▸ What you will do
Please reproduce the lines of the records below from the one holding "Thomas Henry Huxley" through the one holding "proba Stock Photo", inclusive, skipping all pictures.

▸ Data supplied
* * * * *

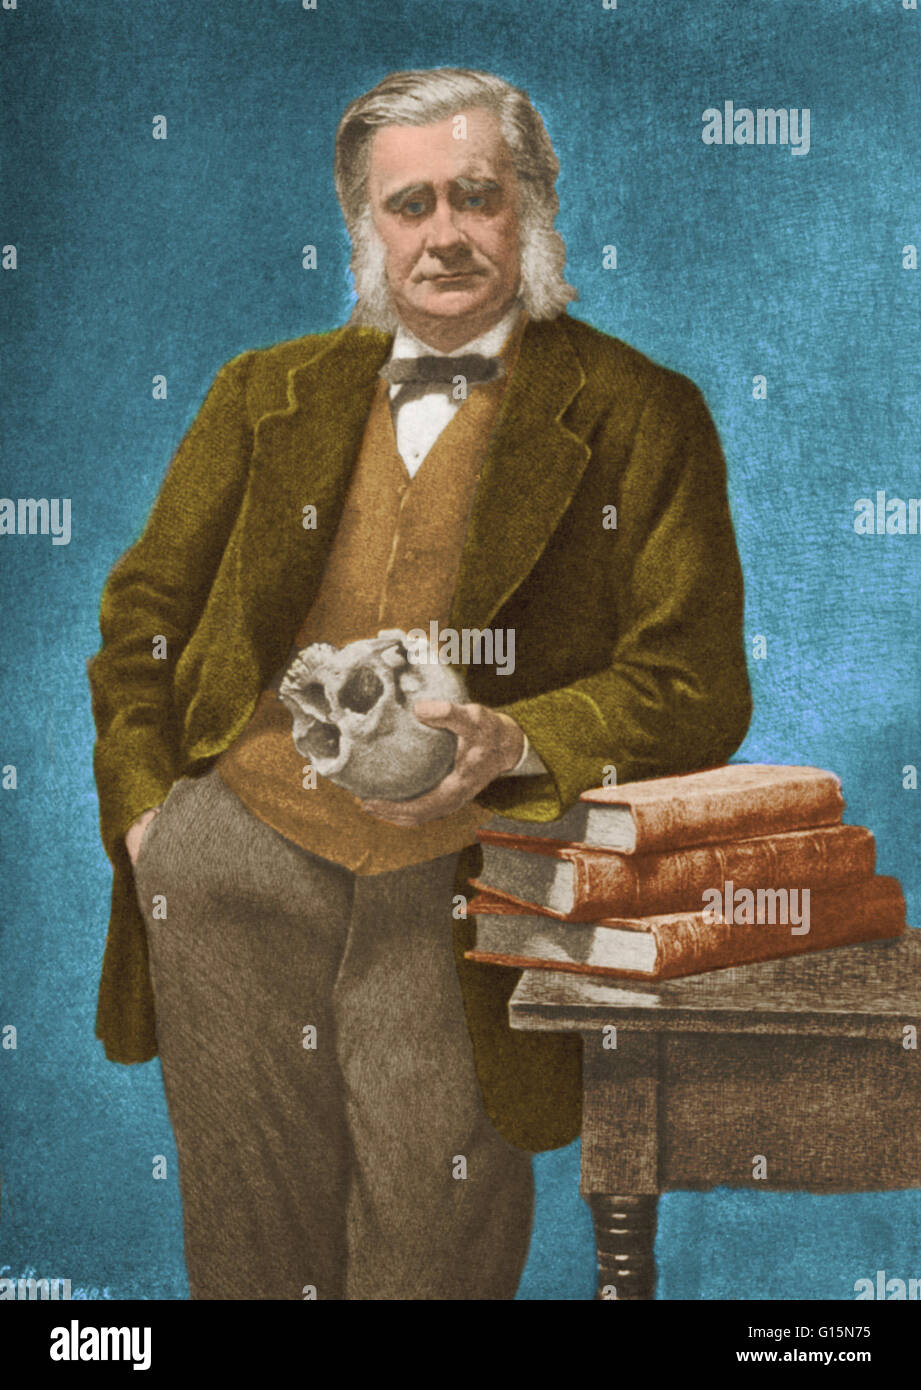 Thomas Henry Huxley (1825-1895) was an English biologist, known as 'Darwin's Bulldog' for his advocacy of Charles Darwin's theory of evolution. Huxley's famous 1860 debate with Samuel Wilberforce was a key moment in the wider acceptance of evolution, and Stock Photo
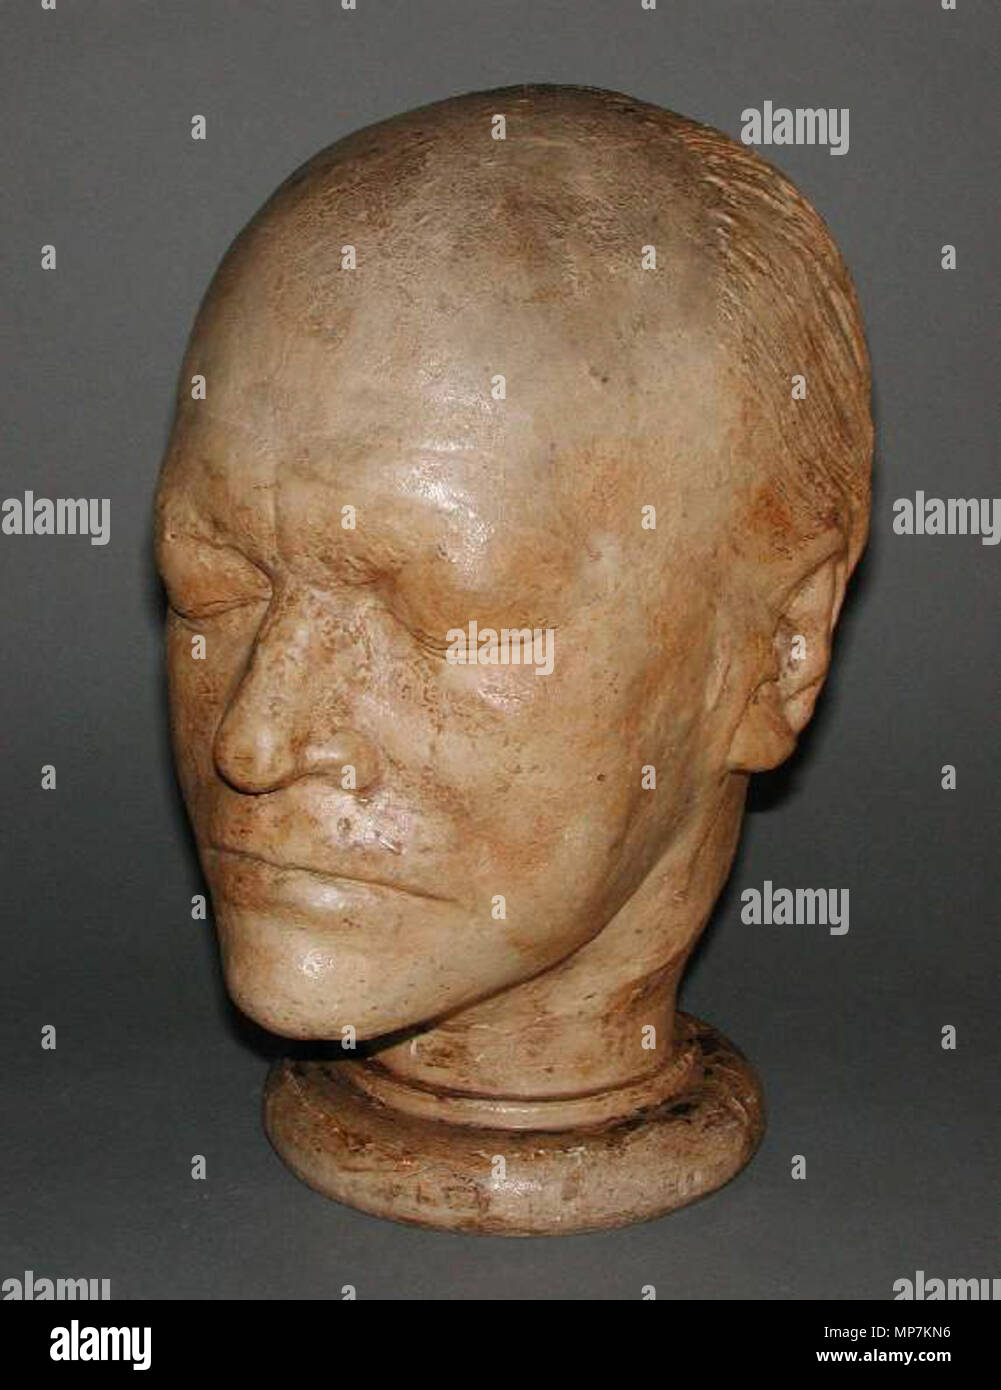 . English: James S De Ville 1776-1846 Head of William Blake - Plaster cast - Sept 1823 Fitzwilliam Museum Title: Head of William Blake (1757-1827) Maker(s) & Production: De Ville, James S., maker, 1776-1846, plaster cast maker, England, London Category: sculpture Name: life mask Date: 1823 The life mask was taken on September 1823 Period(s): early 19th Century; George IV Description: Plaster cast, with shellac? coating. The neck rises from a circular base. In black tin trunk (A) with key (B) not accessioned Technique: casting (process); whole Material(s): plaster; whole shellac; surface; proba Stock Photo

* * * * *

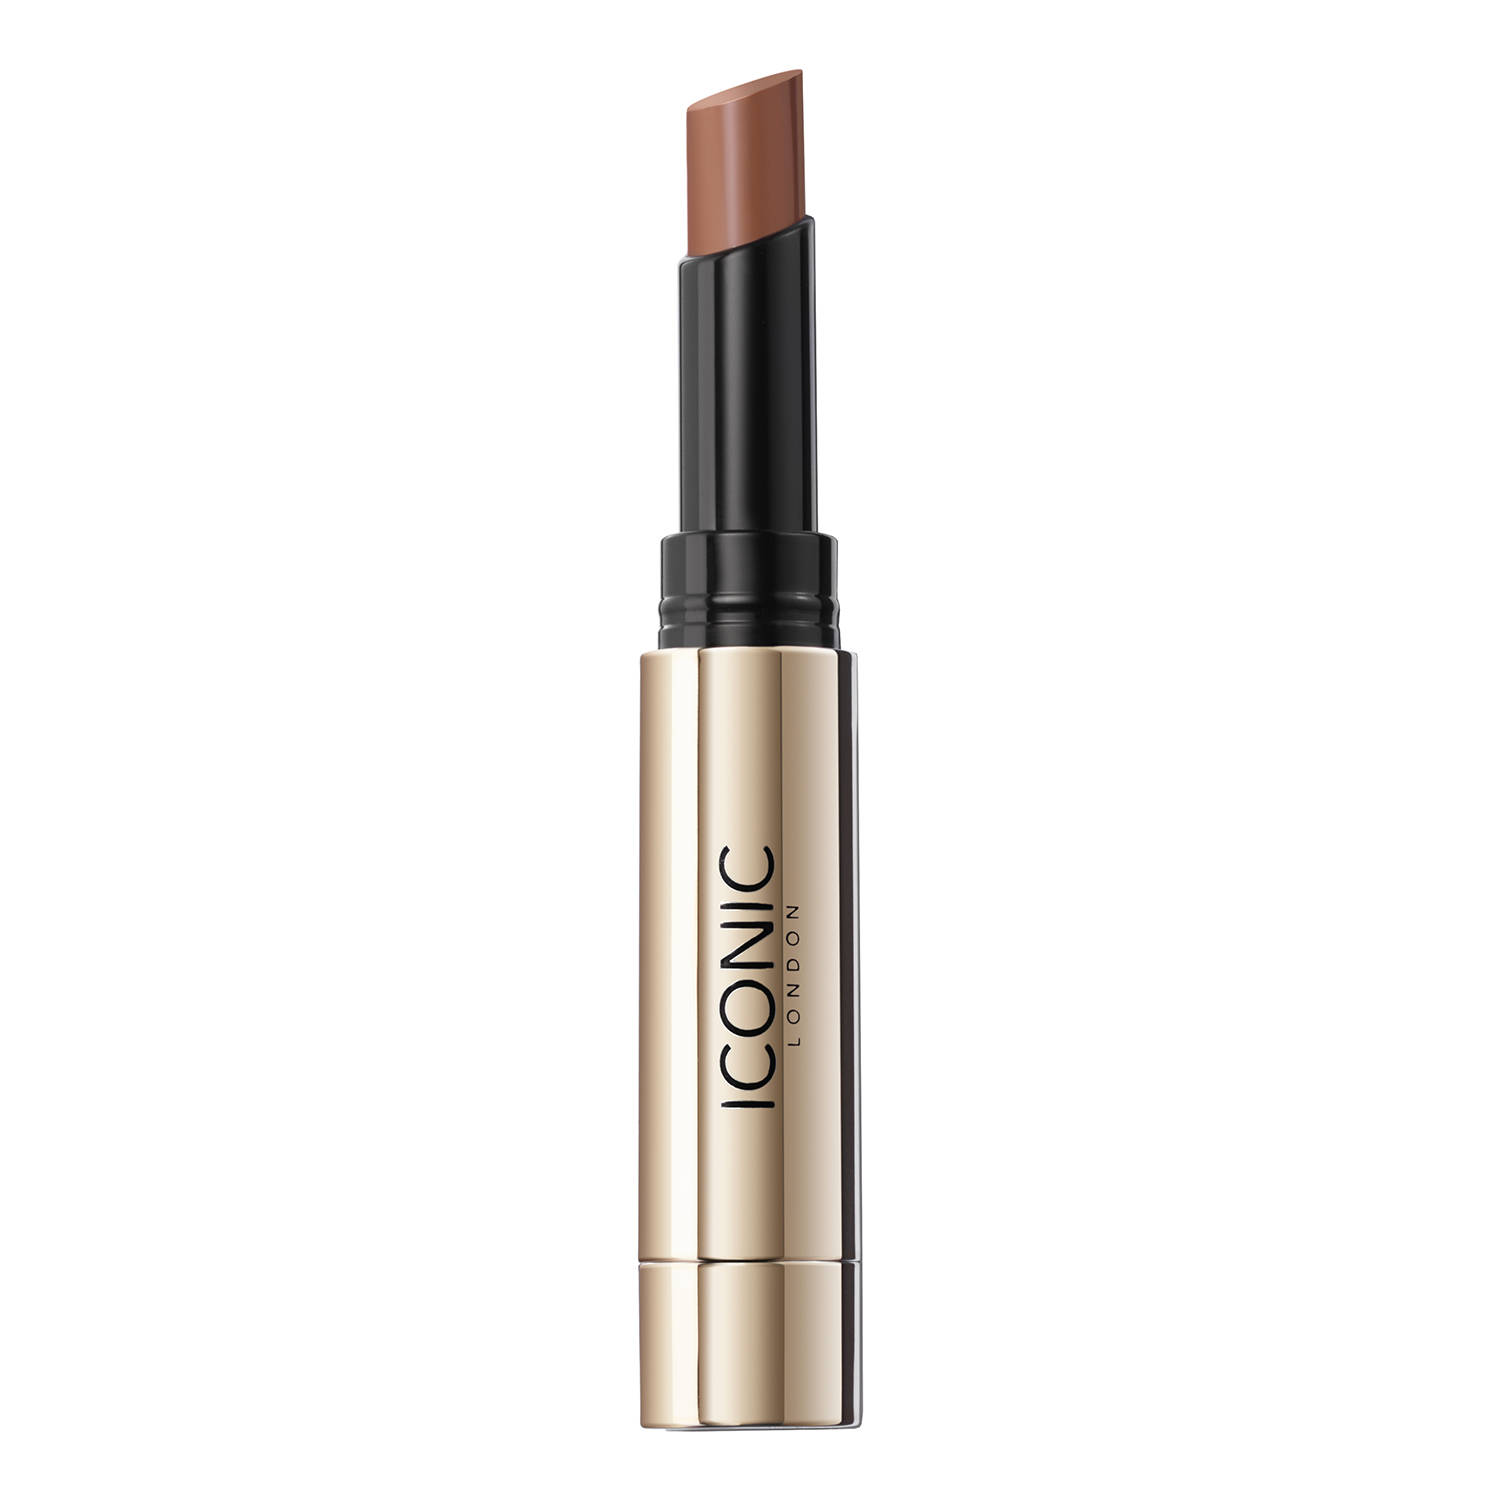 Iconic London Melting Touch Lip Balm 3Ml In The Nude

* * * * *

▸ Finished exercise
 Thomas Henry Huxley (1825-1895) was an English biologist, known as 'Darwin's Bulldog' for his advocacy of Charles Darwin's theory of evolution. Huxley's famous 1860 debate with Samuel Wilberforce was a key moment in the wider acceptance of evolution, and Stock Photo
 . English: James S De Ville 1776-1846 Head of William Blake - Plaster cast - Sept 1823 Fitzwilliam Museum Title: Head of William Blake (1757-1827) Maker(s) & Production: De Ville, James S., maker, 1776-1846, plaster cast maker, England, London Category: sculpture Name: life mask Date: 1823 The life mask was taken on September 1823 Period(s): early 19th Century; George IV Description: Plaster cast, with shellac? coating. The neck rises from a circular base. In black tin trunk (A) with key (B) not accessioned Technique: casting (process); whole Material(s): plaster; whole shellac; surface; proba Stock Photo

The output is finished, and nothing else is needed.